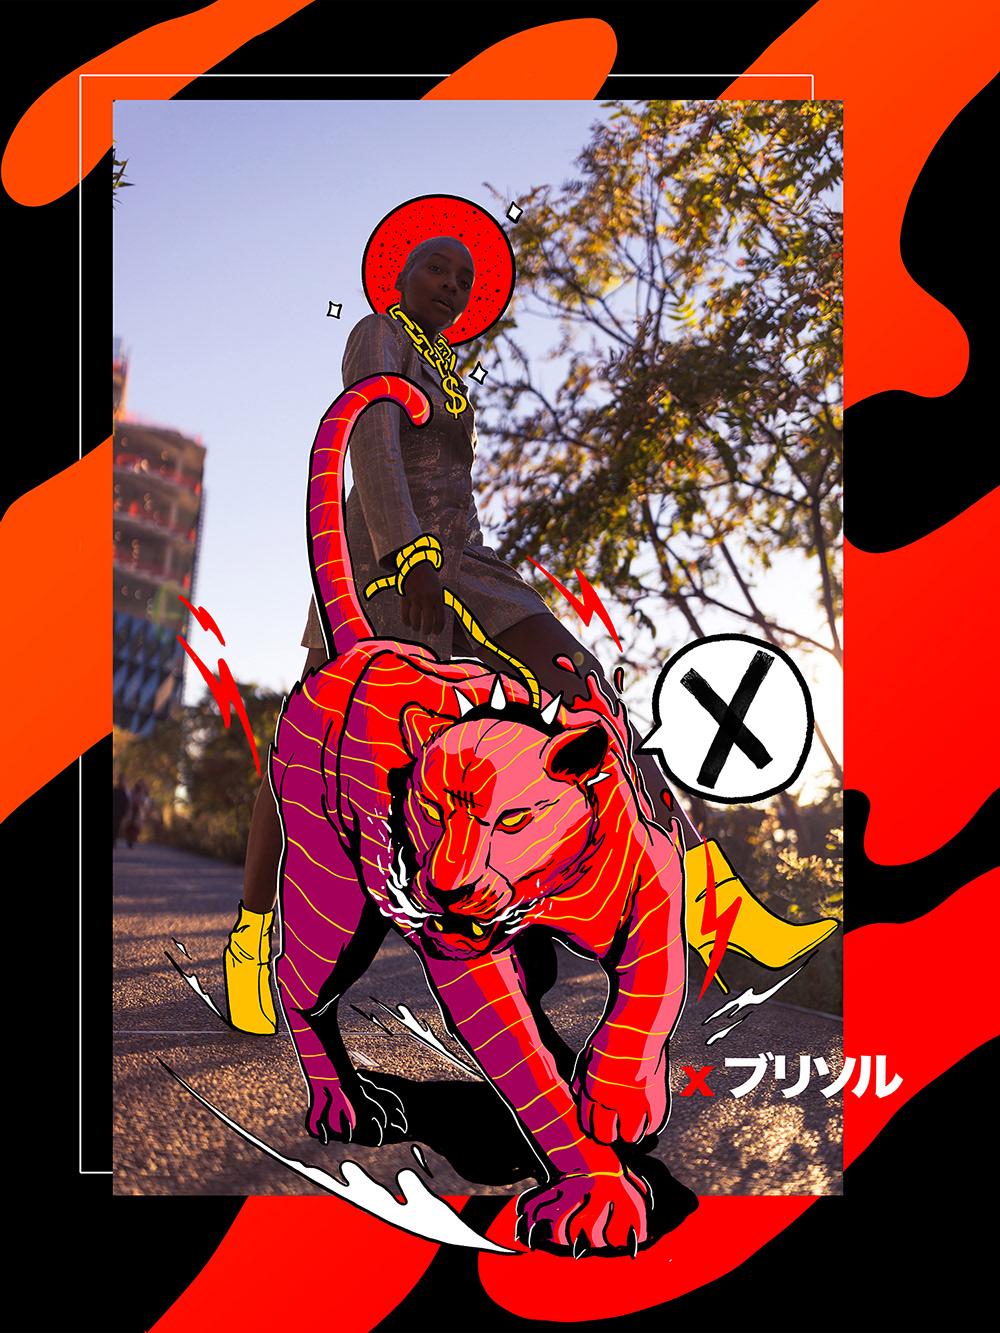 anime collage Digital Art  doodle Fashion  graphic hijack typography
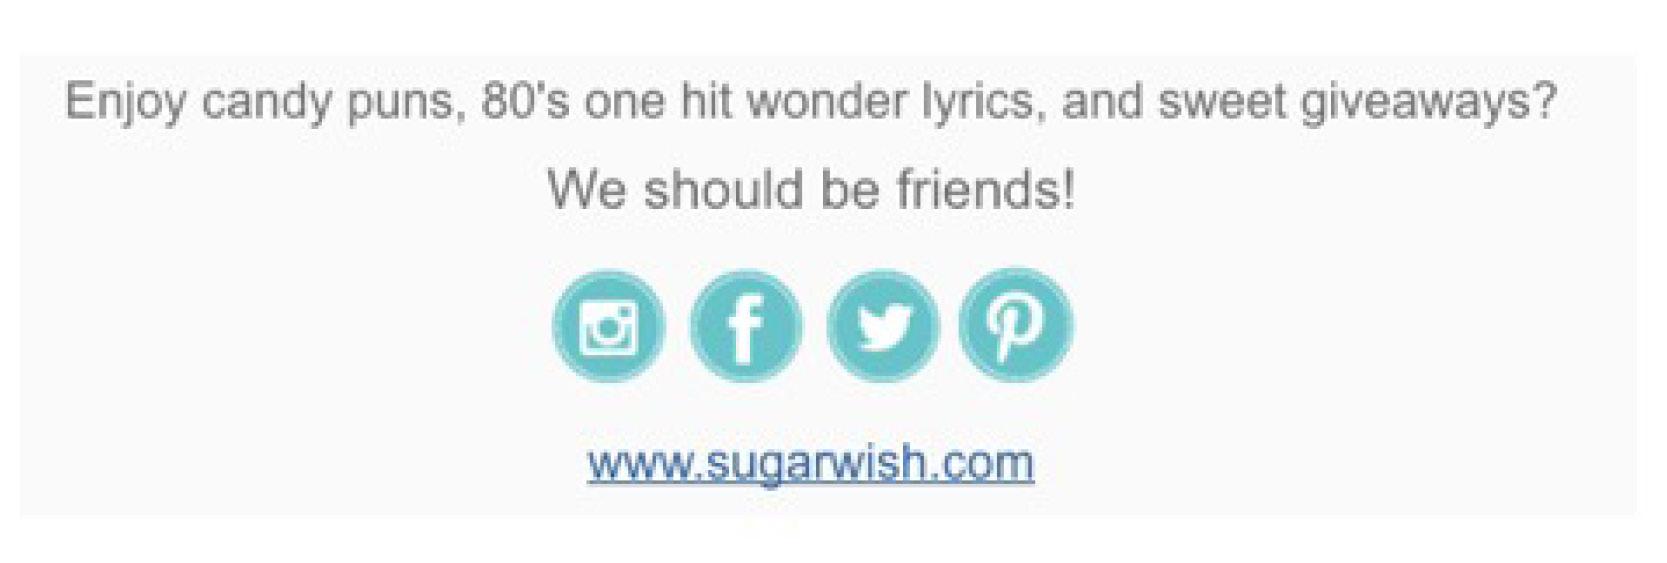 Sugarwish email bottom
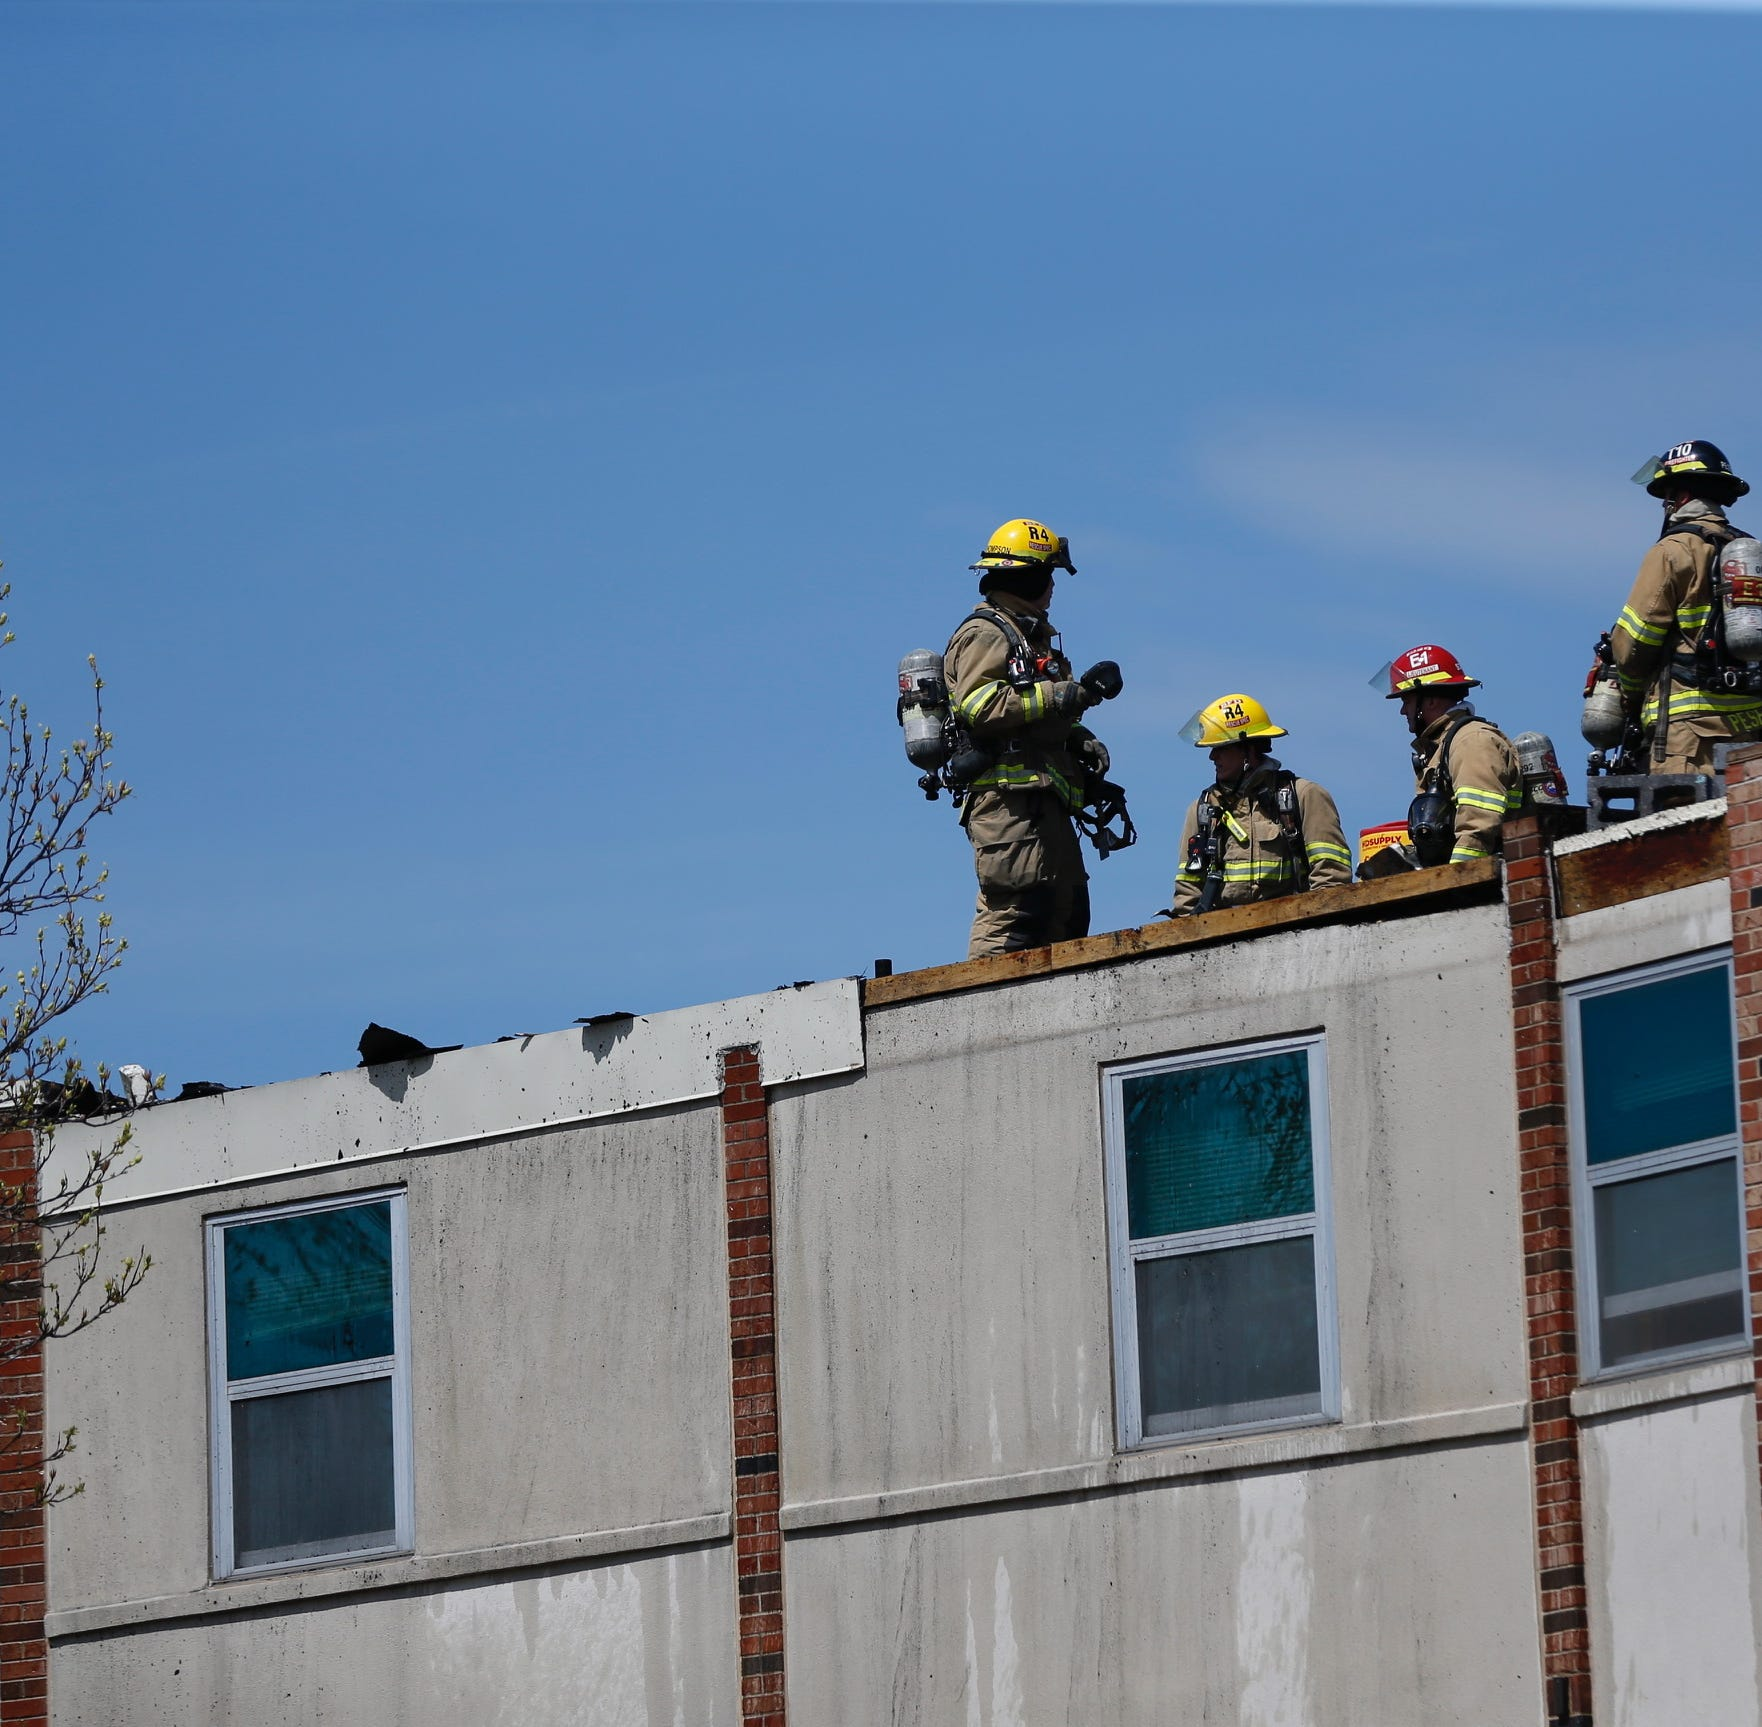 Fire causes evacuation of Evangel dormitory

> ABOUT THIS EXERCISE: Write out every line above exactly as it is, leaving out the pictures.

> PROBLEM SOLUTION:
 anime collage Digital Art  doodle Fashion  graphic hijack typography
 Sugarwish email bottom
 Fire causes evacuation of Evangel dormitory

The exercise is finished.